DDD sieht das anders, das geht eher in die Richtung Zwiebelmodell, der Kern ist dabei das Modell der Problemdomäne, dafür braucht man unbedingt schlaue Objekte, seien es Entities oder Valuebjects (Entities wird von DDD eigens definiert, hat nicht notwendigerweise etwas mit @Entity zu tun).
D.h. aber auch, dass ich meine Objekte nicht einfach in die UI serialisieren darf, dafür nimmt man dumme Datencontainer, DTOs eben.

Nur mal als kleines Beispiel (widerspricht meinem vorherigen Beispiel):
Project *<->* Person

Bidirektionale M:N ist nicht so dolle (redundante Daten, komplex, fehlerträchtig) und wenig aussagekräftig... also wird verfeinert:
Project ->* Assignment -> Person

Project hat eine Methode die assign heisst und eine Person und einen Zeitraum entgegen nimmt, erstellt ein neues Assignment daraus und fügt es dem Set assignments hinzu.
Project bietet u.a. auch Methoden, um alle Assignments oder eben alle zugewiesenen Personen zurückzugeben.

Person hat eine Methode die getAssignedProjects heisst und die zugewiesenen Projekte zurückgibt.
Person hat aber keine Collection welche die Projekte hält (wäre ja redundant), das wäre ja wieder eine bidi. M:N Beziehung, stattdessen nutzt Person das ProjectRepository um nach den zugewiesenen Projekten zu suchen.

DDD ist nicht so komplex, aber definitiv nicht in ein paar Posts zu erklären


----------



## Gast2 (30. Jun 2011)

maki hat gesagt.:


> DDD ist nicht so komplex, aber definitiv nicht in ein paar Posts zu erklären



Ich habe mich bis jetzt zu wenig mit DDD beschäftigt , aber ist mal einen andere Sichtweise und bestimmt Interessant. Aber ich sehe jetzt auf Anhieb keinen Vorteil seine Entitäten/Models so aufzublasen und soviele Abhänigkeiten reinzumachen. Was genau ist der Vorteil vor allem auf Bezug der Wiederverwendbarkeit.


----------



## maki (30. Jun 2011)

SirWayne hat gesagt.:


> Ich habe mich bis jetzt zu wenig mit DDD beschäftigt , aber ist mal einen andere Sichtweise und bestimmt Interessant. Aber ich sehe jetzt auf Anhieb keinen Vorteil seine Entitäten/Models so aufzublasen und soviele Abhänigkeiten reinzumachen. Was genau ist der Vorteil vor allem auf Bezug der Wiederverwendbarkeit.

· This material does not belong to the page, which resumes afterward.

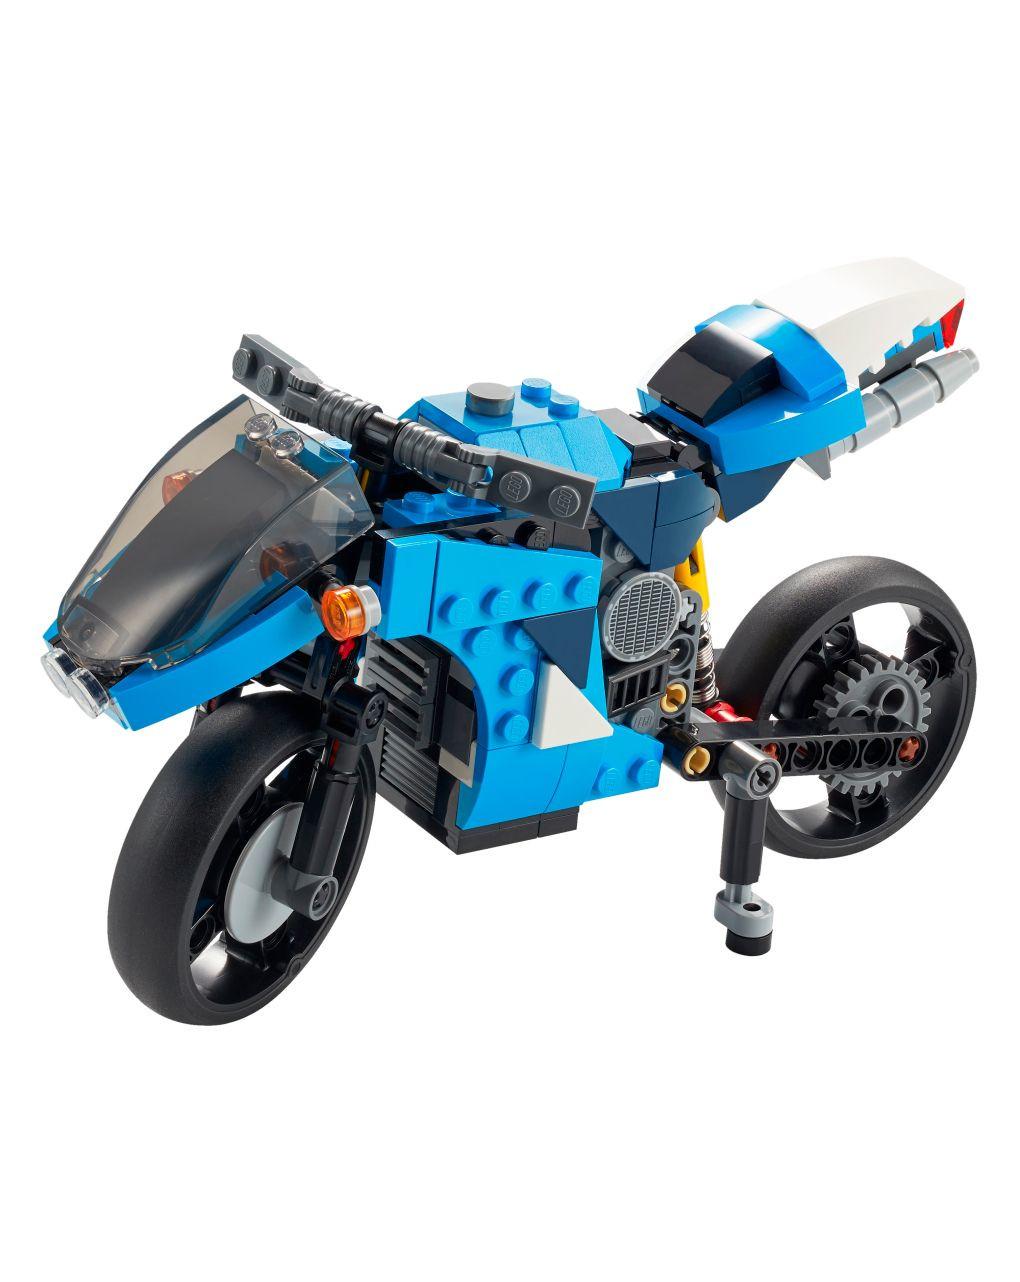 Lego creator - superbike - 31114 - LEGO

Natürlich kannst du keine Vorteile erkennen ohne dich damit richtig auseinandergesetzt zu haben 

Wie gesagt, die Vorteile sind eben die Vorteile der OO, die Nachteile von prozeduralem Code werden vermieden. 
Wiederverwendbarkeit, Vermeidung von Redundanz, Kapselung, Information Hiding, konzeptionelle Zusammengehörigkeit von Verhalten und Daten, die Möglichkeit ein aussagekräftiges Domänenmodell zu erstellen das auch das Verhalten beinhaltet, etc. pp.

All das geht eben nicht wirklich gut wenn man Prozedural entwickelt, deswegen kamen die OO Sprachen ja erst auf


----------



## Gast2 (30. Jun 2011)

maki hat gesagt.:


> All das geht eben nicht wirklich gut wenn man Prozedural entwickelt, deswegen kamen die OO Sprachen ja erst auf



Irgendwie verstehen wir uns glaub falsch^^...

Warum ist dann solche Architektur soweit verbreitet?

z.B. https://github.com/matzew/modern-ee-app20

View-->Service (Logik + Transaktionhandling)-->DAO/JPA-->Pojo mit Persistenz


----------



## maki (30. Jun 2011)

SirWayne hat gesagt.:


> Irgendwie verstehen wir uns glaub falsch^^...
> 
> Warum ist dann solche Architektur soweit verbreitet?
> 
> ...


Weil zB. J2EE das prozedurale Design stark gefördert hatte, und offensichtlich JEE 5/6 das heute immer noch tut: "Bloss keine Logik in Entitäten"
Das ist genau das Gegenteil der OO Lehre.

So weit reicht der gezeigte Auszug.